I actually owe my first encounter with this book to the Disney Channel original TV series The Famous Jett Jackson. In one episode -- the only one I actually remember -- Jett's English teacher assigned Fahrenheit 451 to the class, only to be told that it was inappropriate reading for such young students (they were meant to be in middle school, perhaps high school). Jett and his friends fought back, and with the help of their teacher, they were able to keep Bradbury's text on the reading list and teach a valuable lesson about censorship at the same time. I was nine years old and in third grade at the time, but I was already a voracious and precocious reader, so I approached my father (who had been a high school English teacher, and possessed a collection of books my younger self intensely admired) to ask him whether we owned the book. He was probably a bit surprised, but he promised to look through his boxes for me and find out. When it turned out he didn't have a copy, he too me to the then-newly-constructed city library, where I sought out Fahrenheit 451 (with the help of a bemused children's librarian, who kindly walked me to the "grown-up" shelves and helped me find it), checked it out, and brought it home to read.
I worked through the book slowly, haltingly, certain that there was so much I wasn't "getting" but nonetheless feeling the telltale buildup of unease in the region of my stomach that Bradbury's most thought-provoking works continue to produce in me to this day. Of course, I was still a third-grader, and even for me Bradbury's style was intense. When it came time to decide between renewing the book or returning it to the library, I decided to return it, though I was perhaps only a third of the way through.
Fast-forward about five years. By the summer before my freshman year of high school, I had been transformed from a girl who'd read anything and everything with equanimity into a fledgling fan of science fiction and fantasy (thanks primarily to the influence of J. K. Rowling and Anne McCaffrey). I was excited about entering high school, finally being one of the "big kids," and decided that it was time for me to really sink my teeth into some serious reading to prove that I was ready for this. So again I appealed to my father's book collection, grown slightly less mystical over time, and when I found it lacking, I headed for the bookstore to acquire copies of the dystopian masterpieces I kept hearing about but had never read: Fahrenheit 451 and 1984.
I read them both within the span of a few weeks, and my world really hasn't been the same since.
Most American schoolchildren past junior high probably have some idea what Fahrenheit 451 is "about": state control of the media, censorship, and of course book-burning. And it is about those things, and they're some of the reasons why you should read it. But to me, the book has always suggested a more frightening and more general premise than even these labels can provide: What would become of a society without books? Bradbury at least seems to feel like a loss of literature would result in a loss of all those things we think of as most nobly human -- and whether it's due to the power of his writing or the truth of his convictions, I'm inclined to agree.

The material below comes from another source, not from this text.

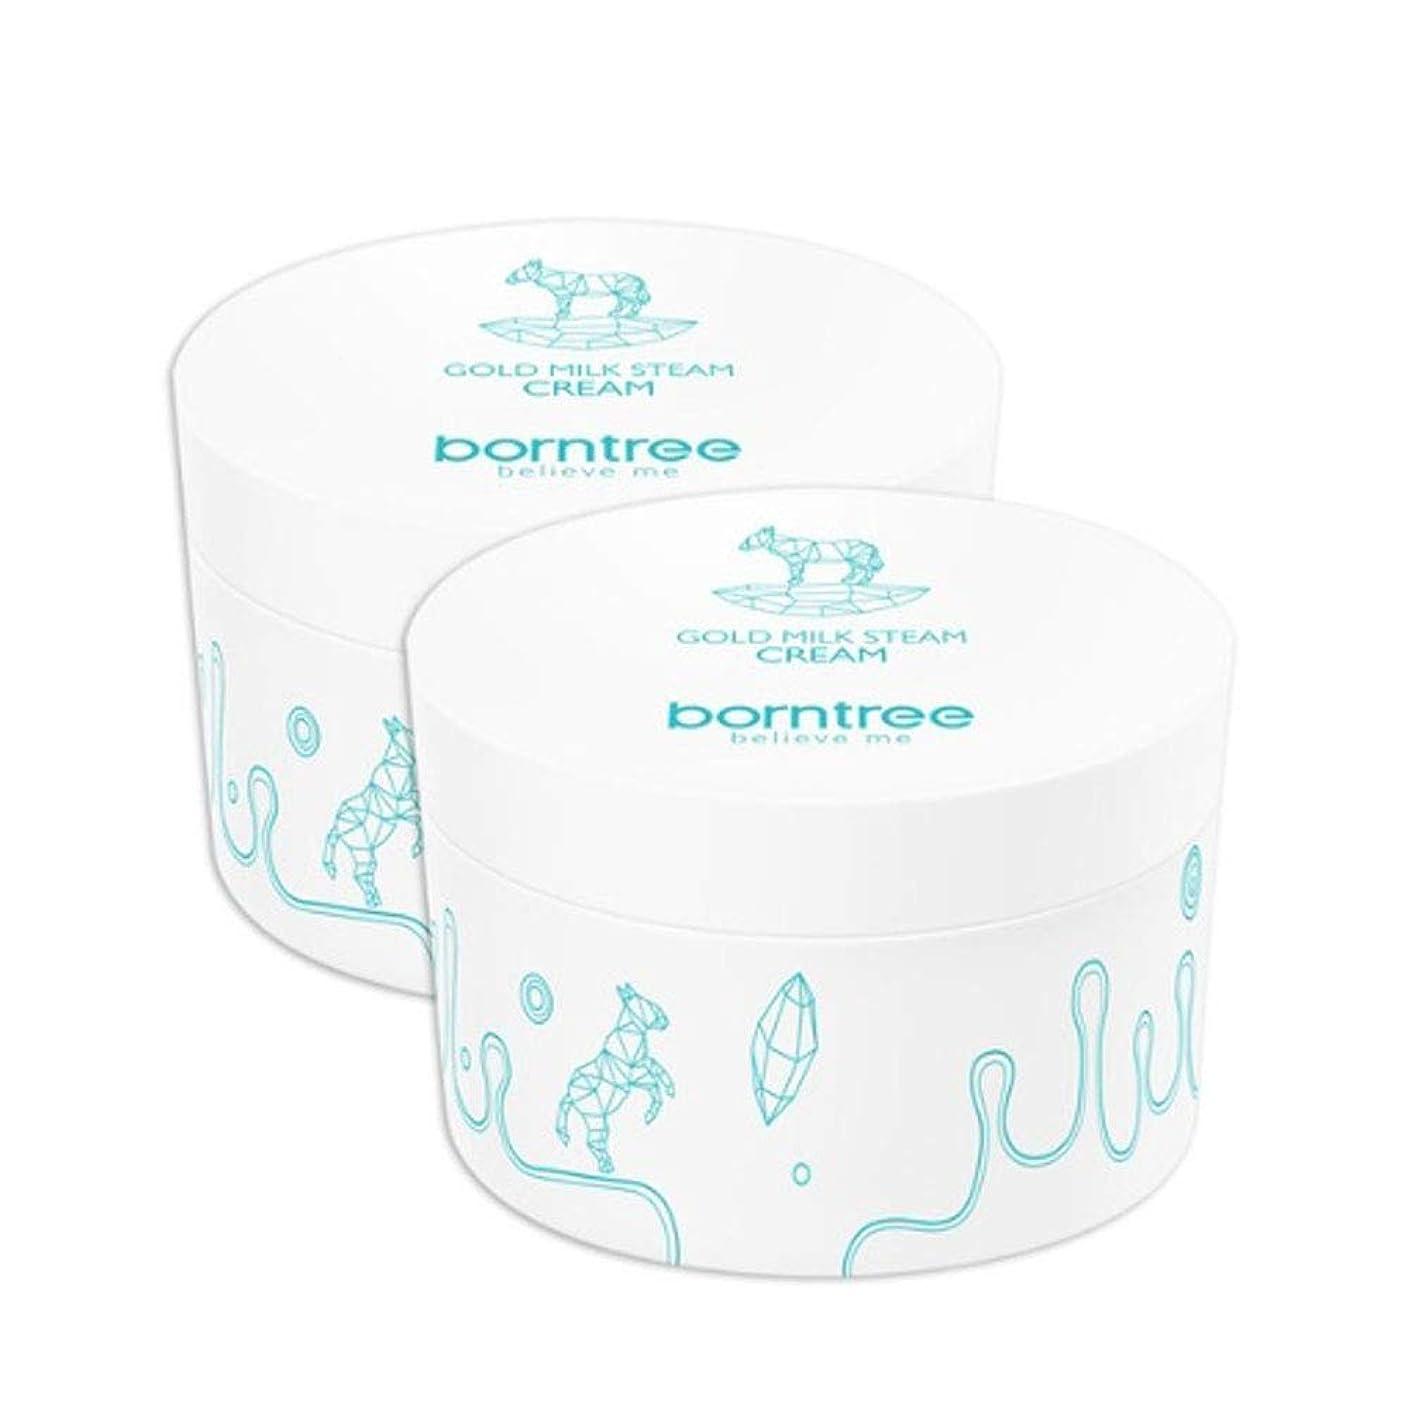 ボンツリーゴールドミルクスチームクリーム200gx2本セット韓国コスメ, Borntree Gold Milk Steam Cream 200gx2ea Set, Korean Cosmetics [並行輸入品]

Over the years, I've realized that I'm incredibly lucky. When I was nine years old and asked my dad if he had a copy of Fahrenheit 451 lying around, he didn't tell me I couldn't read it. Knowing full well what it was and what it represented, he didn't reproach me for wanting to read it; neither did that saintly librarian. In fact, I can't remember any adult ever telling me that I couldn't read something. If anything, they were the ones who opened my eyes to the wealth of written material the world in store for me, and the best of them offered themselves up as guides through the maze of the literary world.
Not all children grow up like I did. Not all children can take their right to read for granted. Not all adults can take their right to read for granted: censorship affects people of all ages, and though in this country at this moment we're most aware of the books that parents try to keep their kids from reading, the historical precedents in the case of book-banning don't provide particularly sterling examples.
In Berlin, there is an open square called the Bebelplatz. In the center of the square, a small glass window in the ground lets observers peer into a room constructed underneath the surface of the square. The room is full of bookshelves. The bookshelves are all empty. At the edge of the square, the above plaques are set into the ground, each of them likewise the size of a paving stone. The quote by Heinrich Heine reads, "Where they begin by burning books, they will end by burning people." As it turns out, the empty bookshelves beneath the square provide just enough space to hold all the books burned by Nazi sympathizers in this square; they are left empty in remembrance of the deeds this place has witnessed. The only thing I love better than this memorial is the living one that manifests just across the square in the form of the weekly university book market.